愛のカタチ
第2章 NO~サラリーマン×花屋~天使みつけた編~
目映い。
淡い光の中に、俺は居る。
智は先に出勤したし、俺はいつもの時間に家を出た。
その道中、俺は眩しくて眉をひそめて歩いた。
和「このポスト、こんなに赤かったっけ...」
俺はいつも地面を見て歩いてた。
背を丸め、俯きながらすぐ下の地面を見る。
その道路はグレーで、ふと顔を上げても、周りの景色も同じ色をしていた。
出来たてのアスファルトじゃない、少し色の落ちた薄いグレー。
俺の目に映る景色は、いつもそれと同じだった。
和「あ」
智がズブ濡れで蹲っていた電柱の元からは、小さくて可愛い青い花が咲いていた。
和「へえ、こんなとこに」
毎日何の代わり映えもしなくて平凡で。
薄いグレーの世界をトボトボと歩く。
だからこんな所に花が咲いている事も、ポストが目の覚めるような真っ赤だという事にも、気付かなかった。
和「眩しいな...」
花屋の前まで来ると、その姿こそ見えていないのに淡く光る店内。
思えば俺が初めて智を見た時感じた眩しさは、いつぶりだっただろう。
和「あ...」
その店内を少し覗くと、キラキラと光るモノがあちらこちらにふわりと移動している。
和「ふふ...」
その正体は紛れも無くアイツで、俺の目に映るそれは、間違い無く天使なんだ。
智「あ...、カズ!」
和「ふふ、サトシ」
ふわりと俺の元に降り立つ天使。
智「...なんだよ。
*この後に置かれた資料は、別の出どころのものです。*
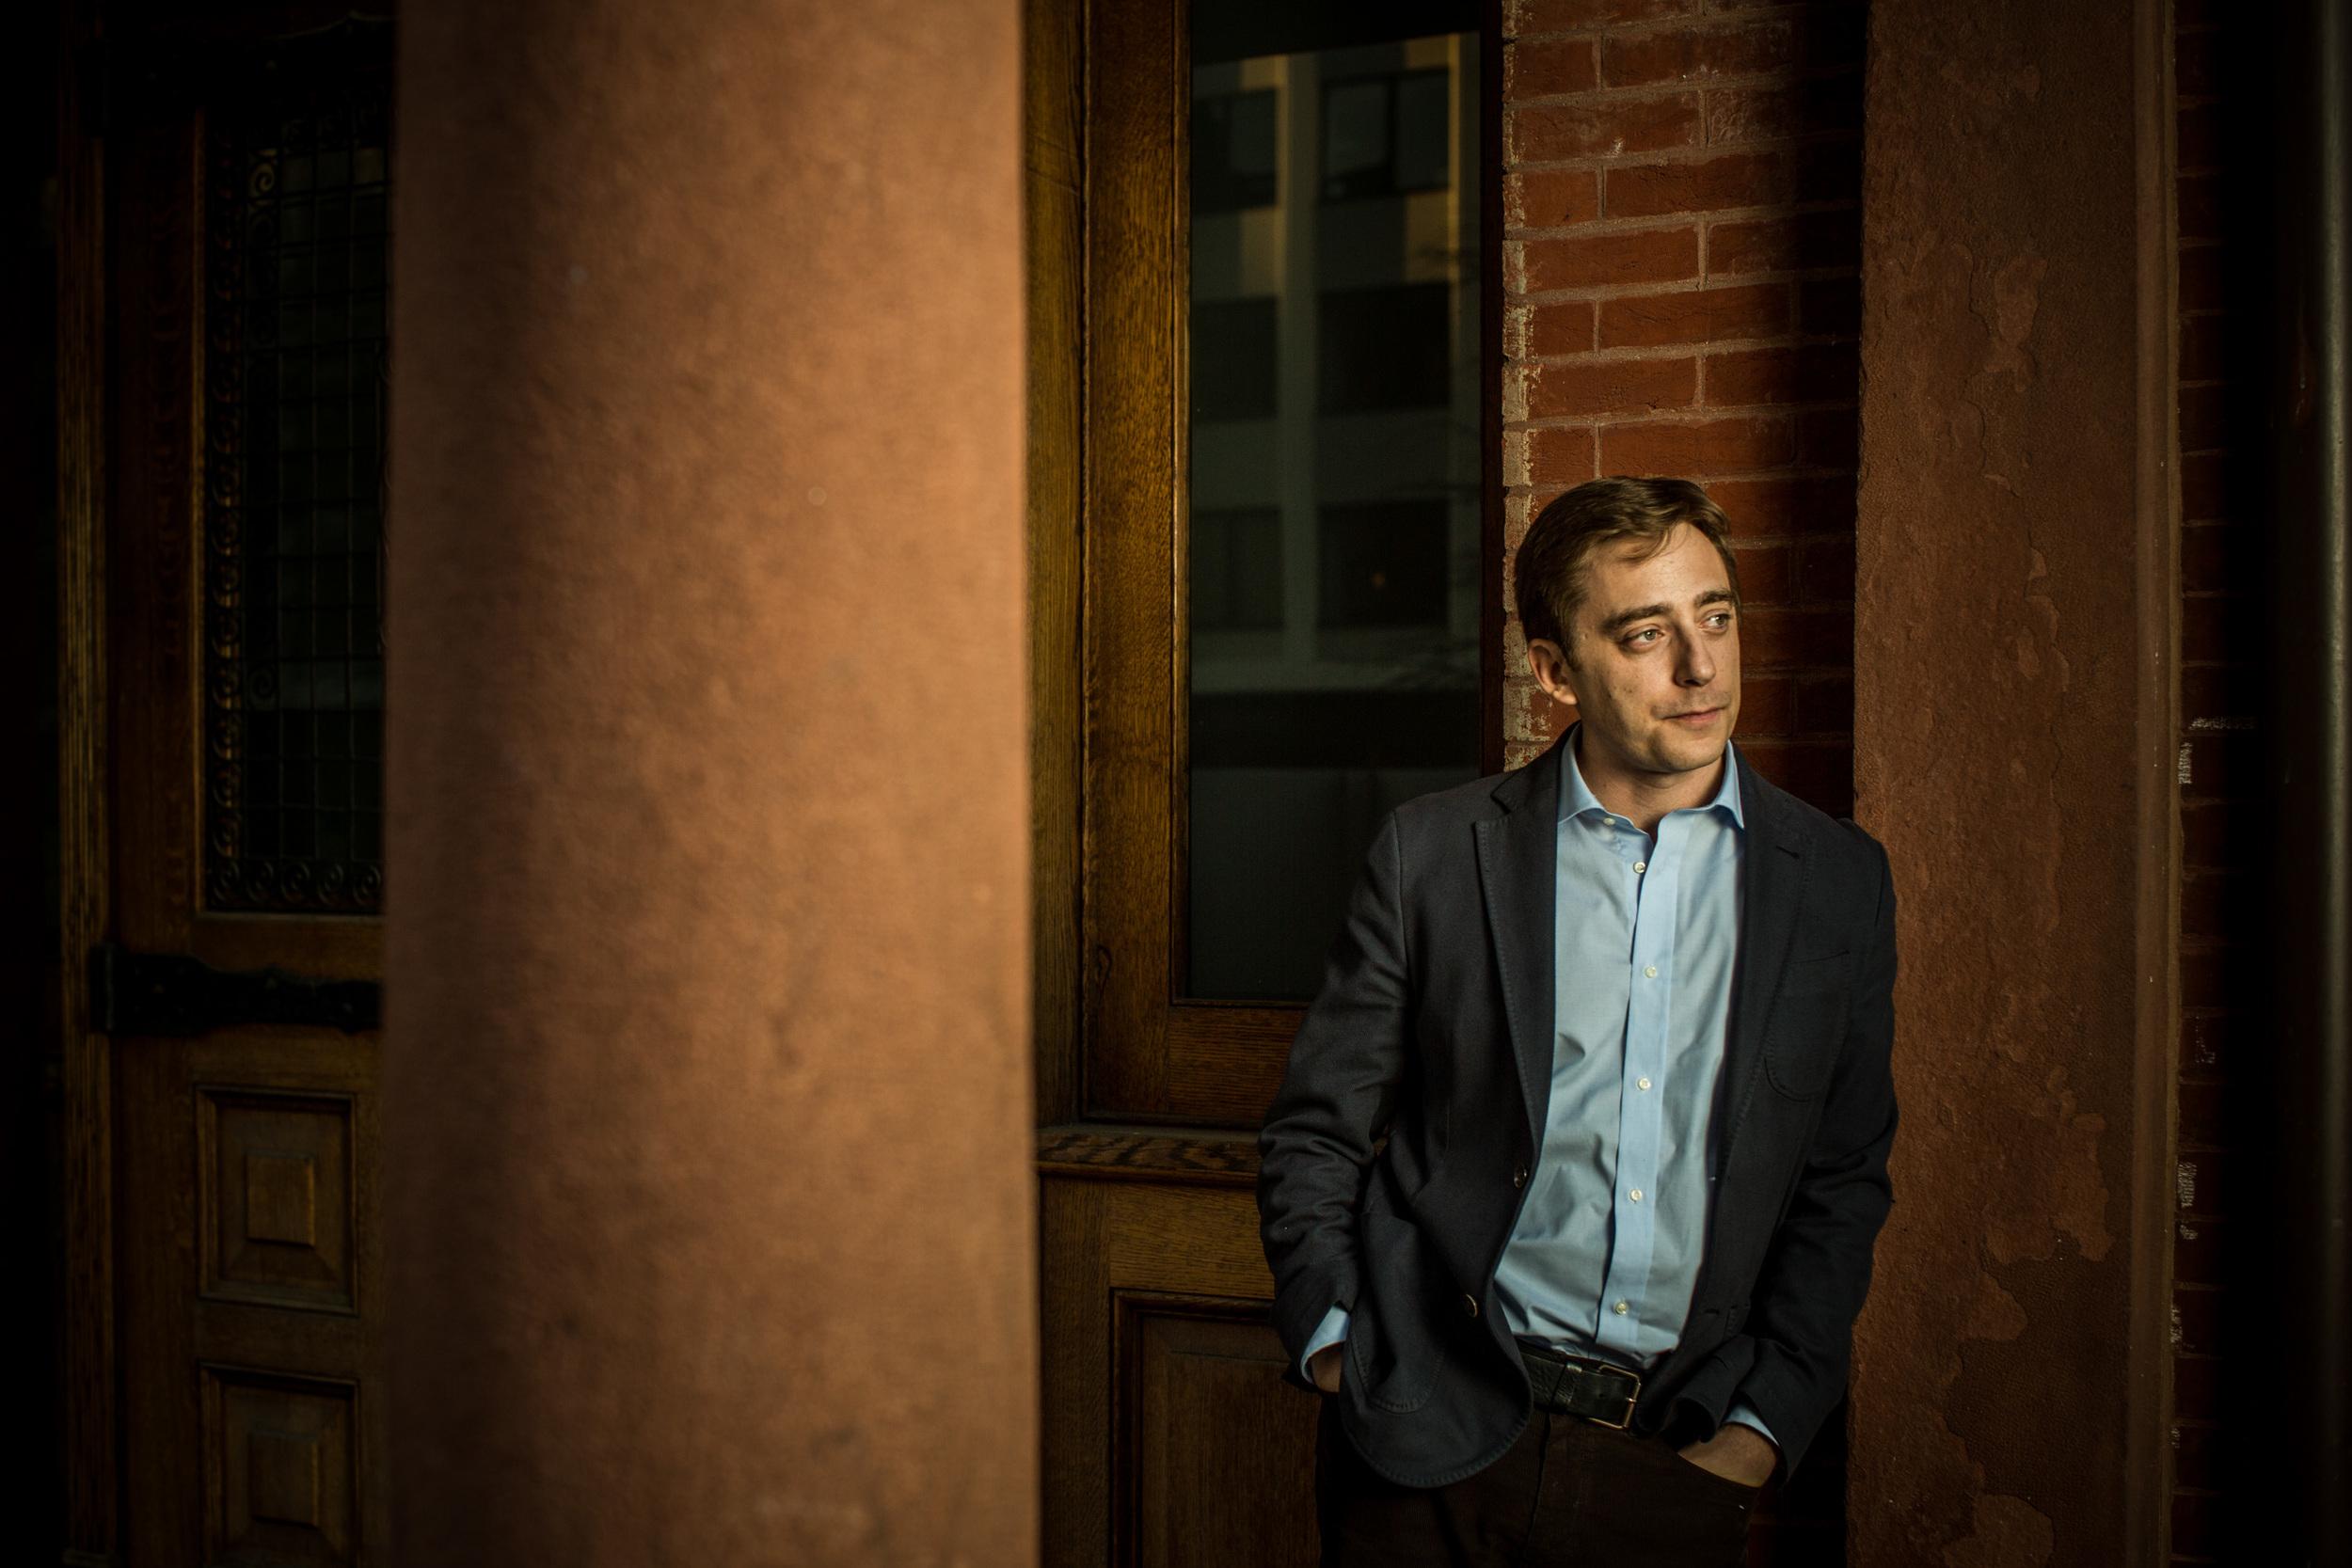 New Yorker staff writer Evan Osnos

いい顔して笑えるんじゃん」
和「え?(笑)」
俺は笑みを零していたのか。
そんな感覚、凄く久しぶりかもしれない。
智「ふふっ、いってらっしゃい」
俺に笑顔を向けて手をひらひらと振る。
その柔らかい笑みと、目映い光に押されて俺はしっかりと前を向いて脚を踏み出せる。
まだバラ色と言う訳じゃ無いけど。
だけど俺の世界に色がついた。
グレーの景色が、色鮮やかに光って見える。
それは明らかに智の仕業で、俺がそんな事を思っているなんて何も知らずにニコニコと手を振っているんだ。
出だしは最悪だし、順序だっておかしい。
だけどいいか?
智という天使に、恋をしてもいいか?
和「ん。いってきます」
この色付く世界で、俺は今から天使に恋をするんだ。